Plus Manet or Toulouse-Lautrec, among others – do you have a particular interest in French art, or is it inevitable given France has produced famous painters?

Well yes, France is the land of the artiste. I did French A-level and loved the sound. I stumble by in French. 

I do a character who speaks in a revolting French accent – I write it phonetically – and I always enjoy it, but that’s one of the hardest things to explain to a native French-speaker who wants to know ‘why have you written it like this?’ I’m trying to say, that’s just my English interpretation of a French accent. It’s franglais.

One of my influences is romantic French poets like Verlaine and Leconte de Lisle and Gautier, and the concept of l’art pour art [art for art’s sake], though I personally find that idea rather ridiculous and I take the p**s out of it. Being English, we tend to regard the French as a bit pretentious, and they probably see us rather pig-headed. So close yet so far apart.

Which French politicians have you enjoyed doing?

I used to do Mitterrand a lot, though he was hard to get right. And Giscard d’Estaing before him. Chirac was good, but again not easy – French cartoonists did him better, because I only do French politics intermittently.

Sarko stood out – he’s ready-made for comedy; he looks like the Devil… Le Pen père and fille stand out. I did one of Le Pen with his hideous face coming out of a French cockerel’s arse. It was an expression of disgust; he’s a grotesque character.

You like to be caustic; you don’t like it if the subjects like them…

Yes, it’s always slightly disappointing if they like them. It is an offensive medium; you’re trying to be offensive. It’s also a problem when you find yourself agreeing with your subjects because then I can’t attack them. Corbyn is a slight problem. I can still take the p**s for him being an old bearded fart, but, politically, I’m not going to trash him for expressing things I agree with.

What do you make of Macron?

He’s an interesting phenomenon. I’ve done him a bit more in my strip than in my big press cartoons. The strip is where I do the leg-work.

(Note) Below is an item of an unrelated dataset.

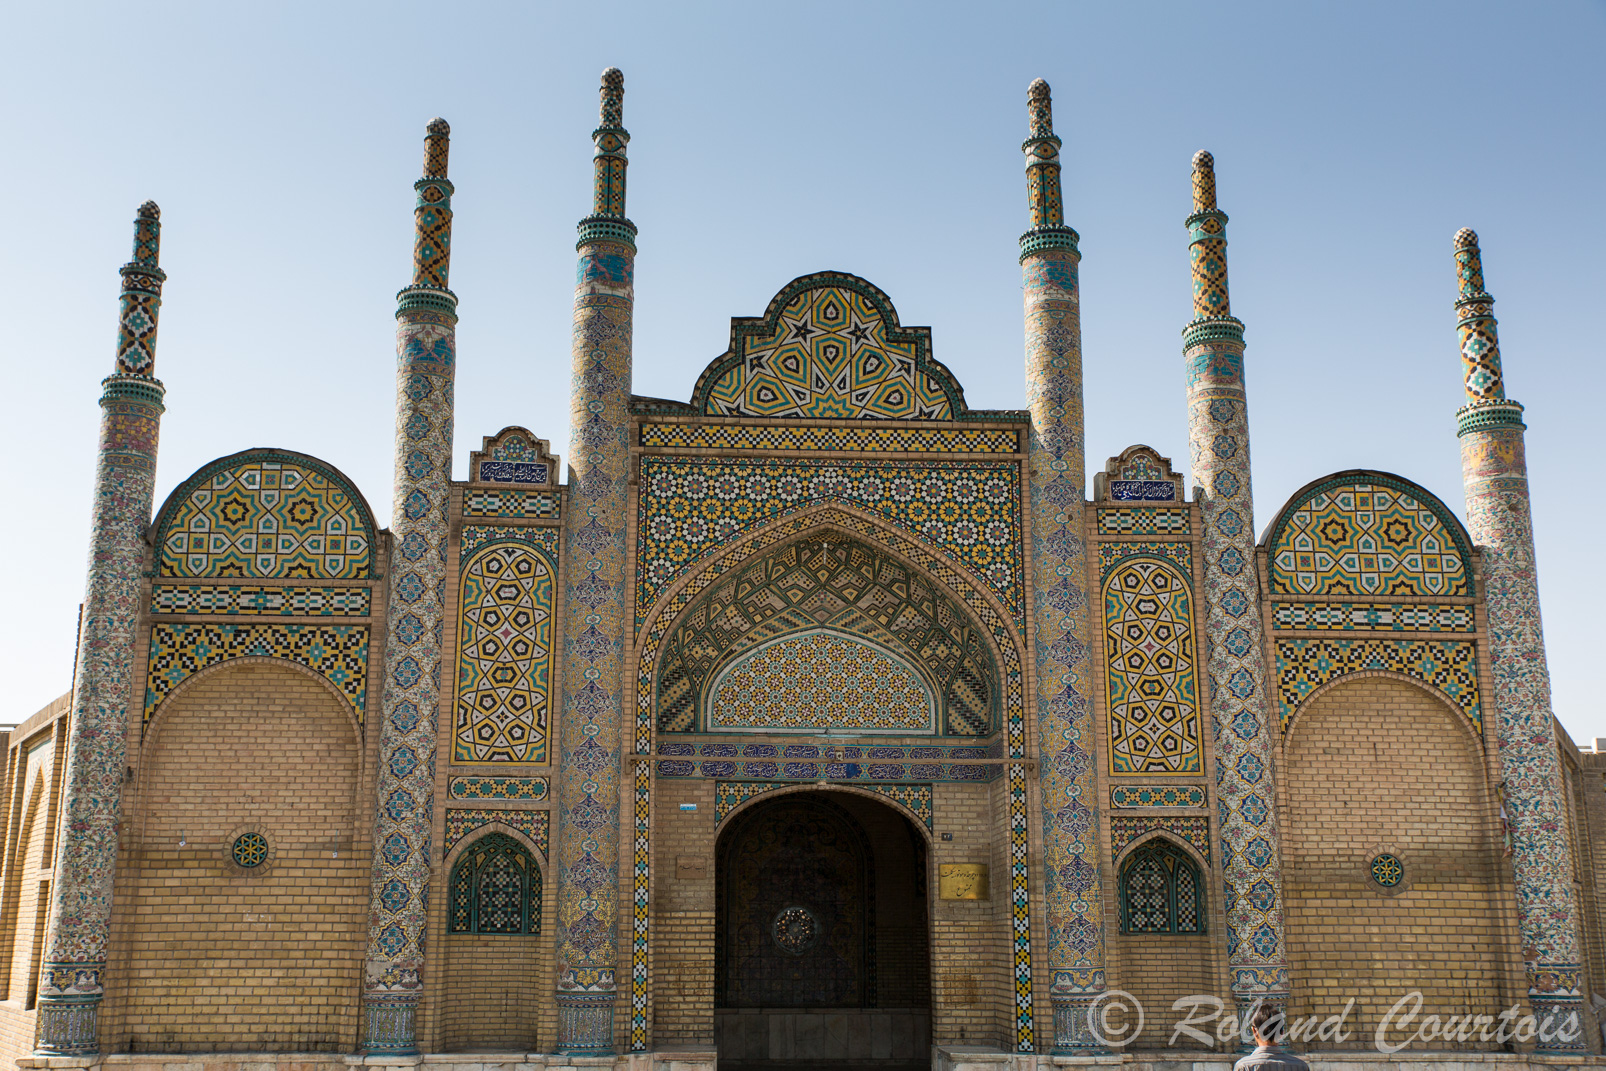 A Qazvin, le Mausolée Imâmzâdeh Hosseyn avec ses décorations de l’époque Qadjar très colorées.

You get a character, break it down, and simplify it so you can do it again and again.

Politically, he’s a bit like a cross between Thatcher and Blair, but he’s not really, he’s something different.

Macron says he will reform, reform, reform and modernise, modernise, modernise, but these are classic bullshit words Blair made much of.

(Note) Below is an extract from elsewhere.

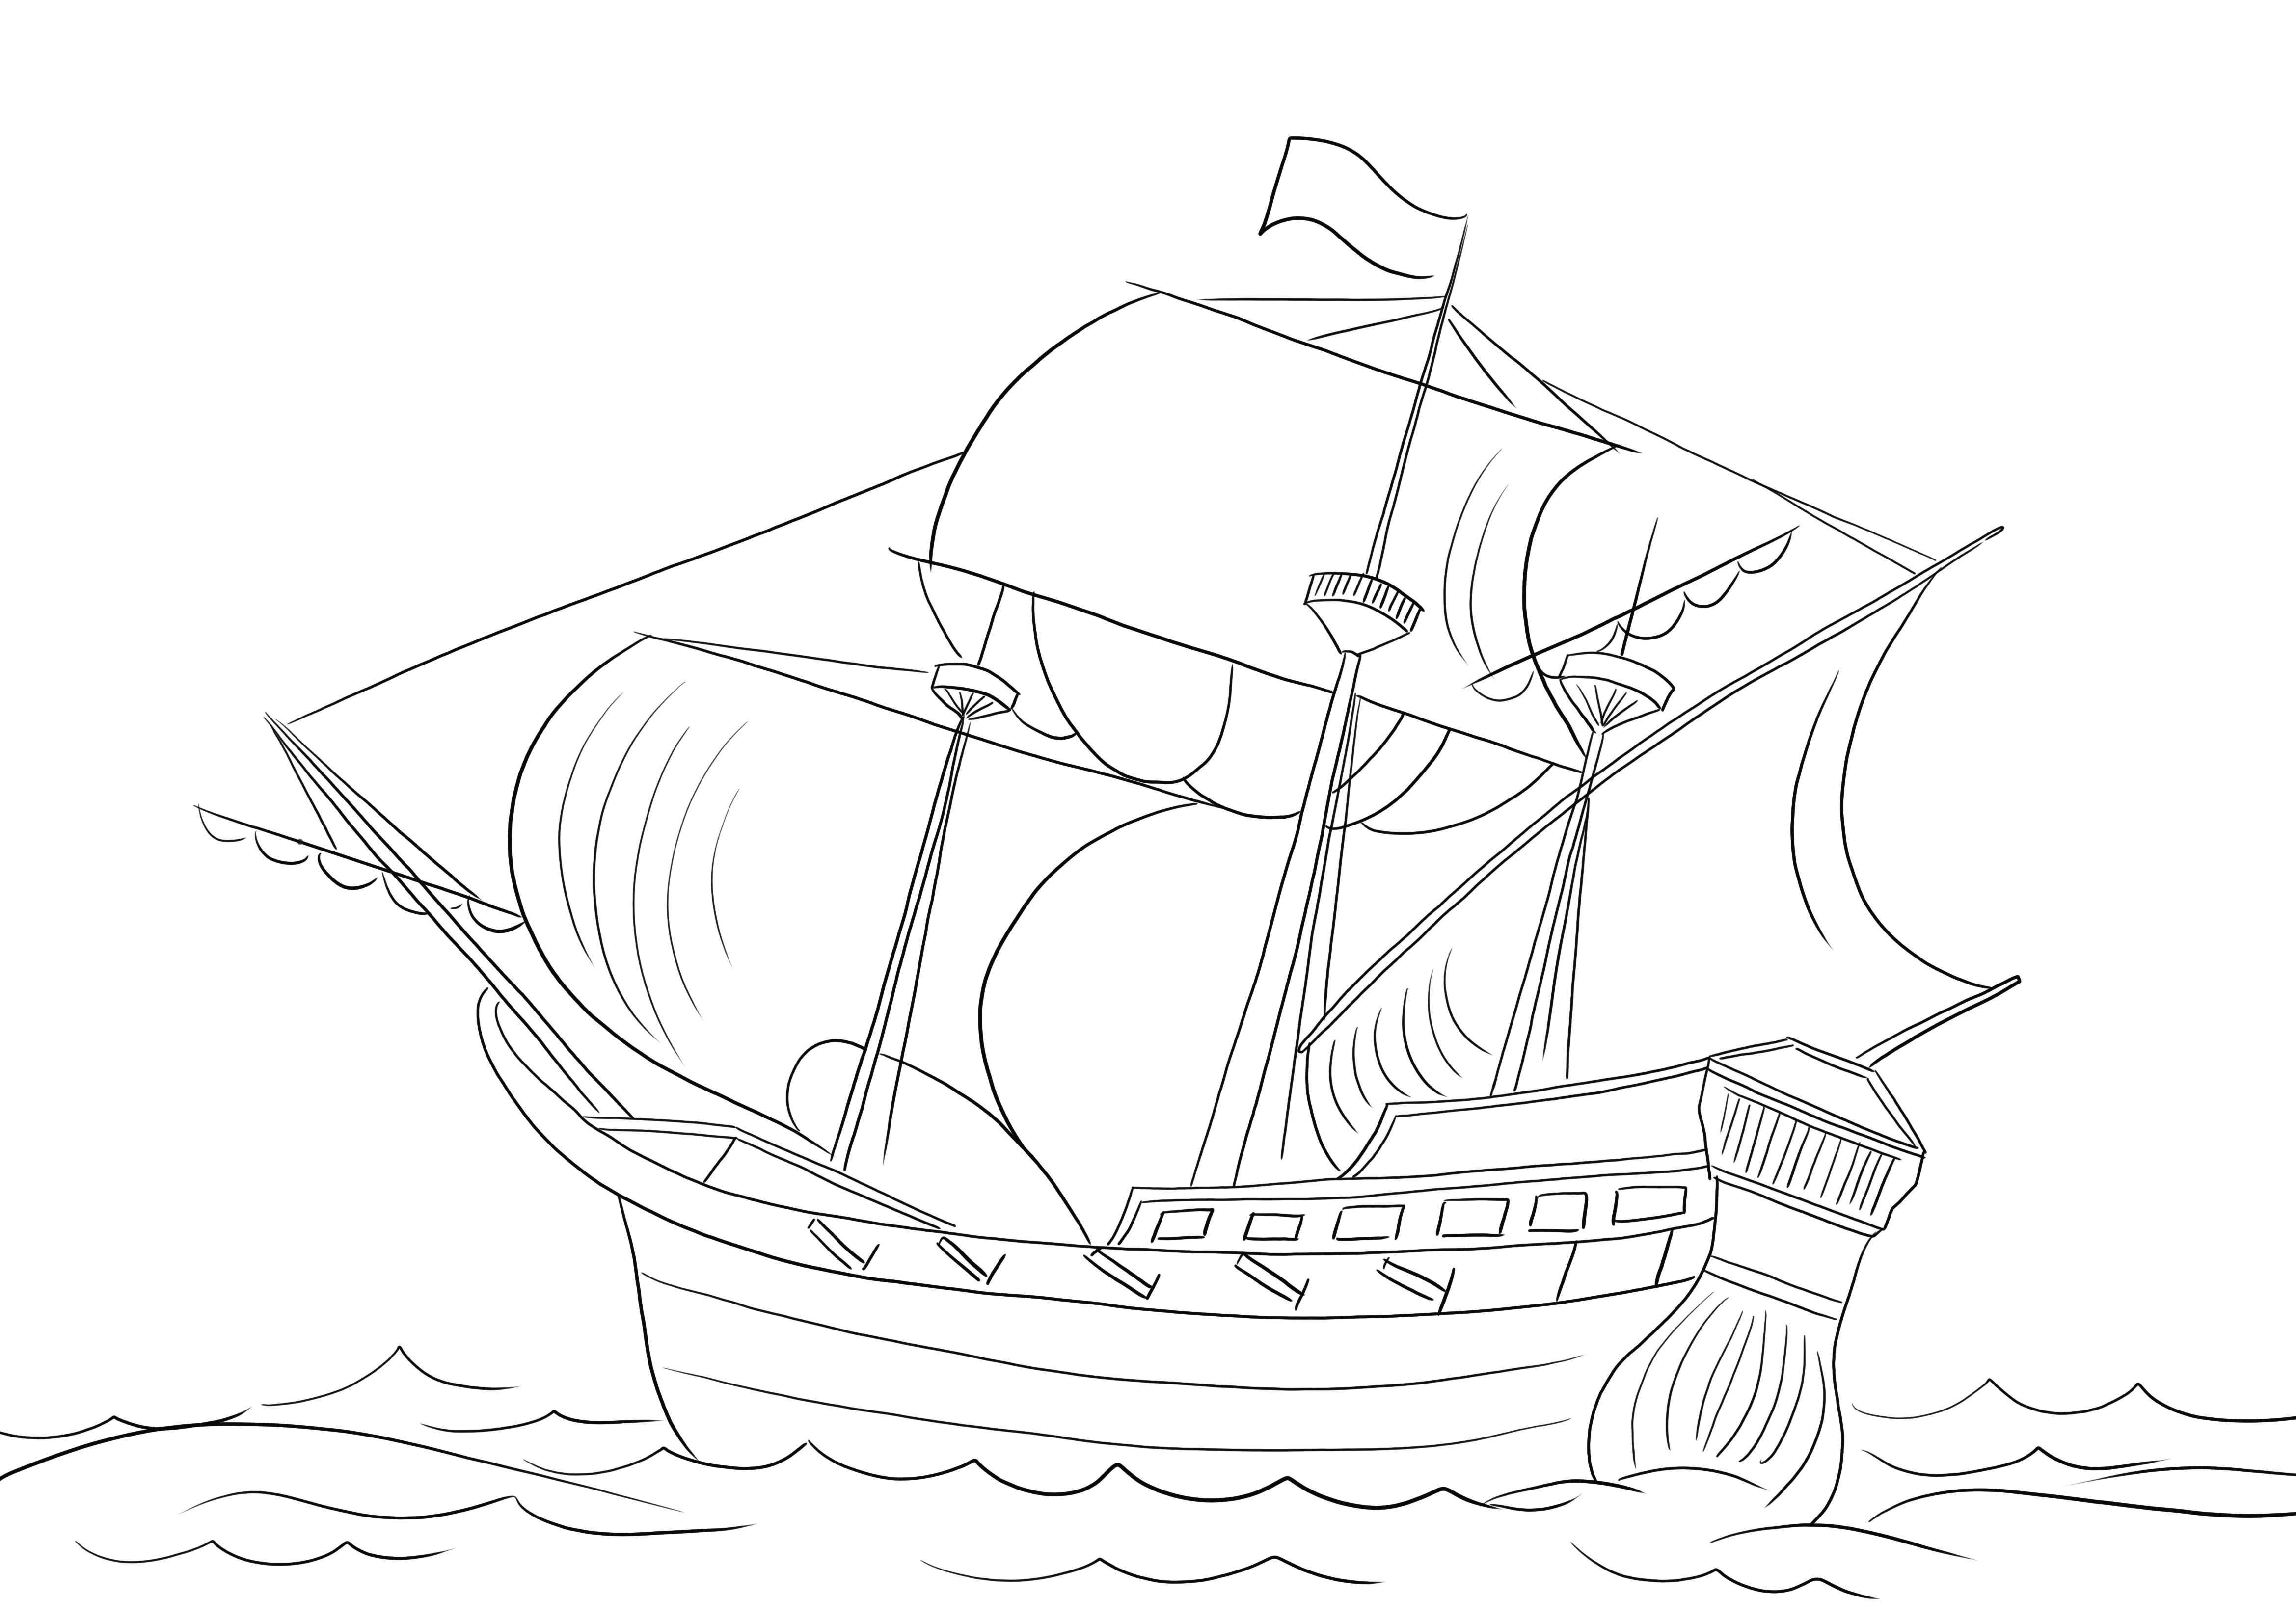 Imprimable gratuit d'un bateau pirate à colorier et à découvrir sur les types de navires

There are similarities – he’s vacuous in the same way Blair was vacuous. I was never disappointed in Blair because I could see what he was like.

Brexit also provides a lot of fuel…

It’s breath-taking. I’ve always been anti-Tory, but this lot are staggering in their sheer incompetence. They don’t even agree among themselves so how do they expect to negotiate with anybody? It will only stop if someone presses the ‘off’ button on article 50. We’re on a course to nowhere.

Is that why you depict Theresa May as a clown?

You often have to take a punt in this job and go on instinct. Over a year ago people dressing up as evil clowns and frightening people was in the news and I put two and two together.
Because she hadn’t had this disastrous election yet, she appeared to be riding high, talking of being strong and stable, and seemed more evil to me. But now she’s just incompetent and the clown works well – clowns stumble around putting pies in their own faces like this lot. I don’t see how they can last, but they creak on.

What about French cartoonists?

I know [Le Monde cartoonist] Jean Plantu, who organises exhibitions called Cartooning for Peace. I went to one in Strasbourg last year, just before the referendum, and seeing all the flags brought home to me what an amazing institution the EU is, with so many nations in one place.

And I met one of the Charlie Hebdo cartoonists who died in the attack, Tignous, who was a lovely guy. He was a livewire, so funny and mad. And he had that French style: loose, almost scribbly, but at the same time elegant, and very rude.

We in England are ruder about personally abusing politicians, but the French are more lubricious, sex is more acceptable.

To hear Tignous had been shot was a horrible shock. They were just doing what I do, which is abusing everybody, right, left and centre. Cartoons have to push barriers and no one expects to get gunned down. I salute them for what they did.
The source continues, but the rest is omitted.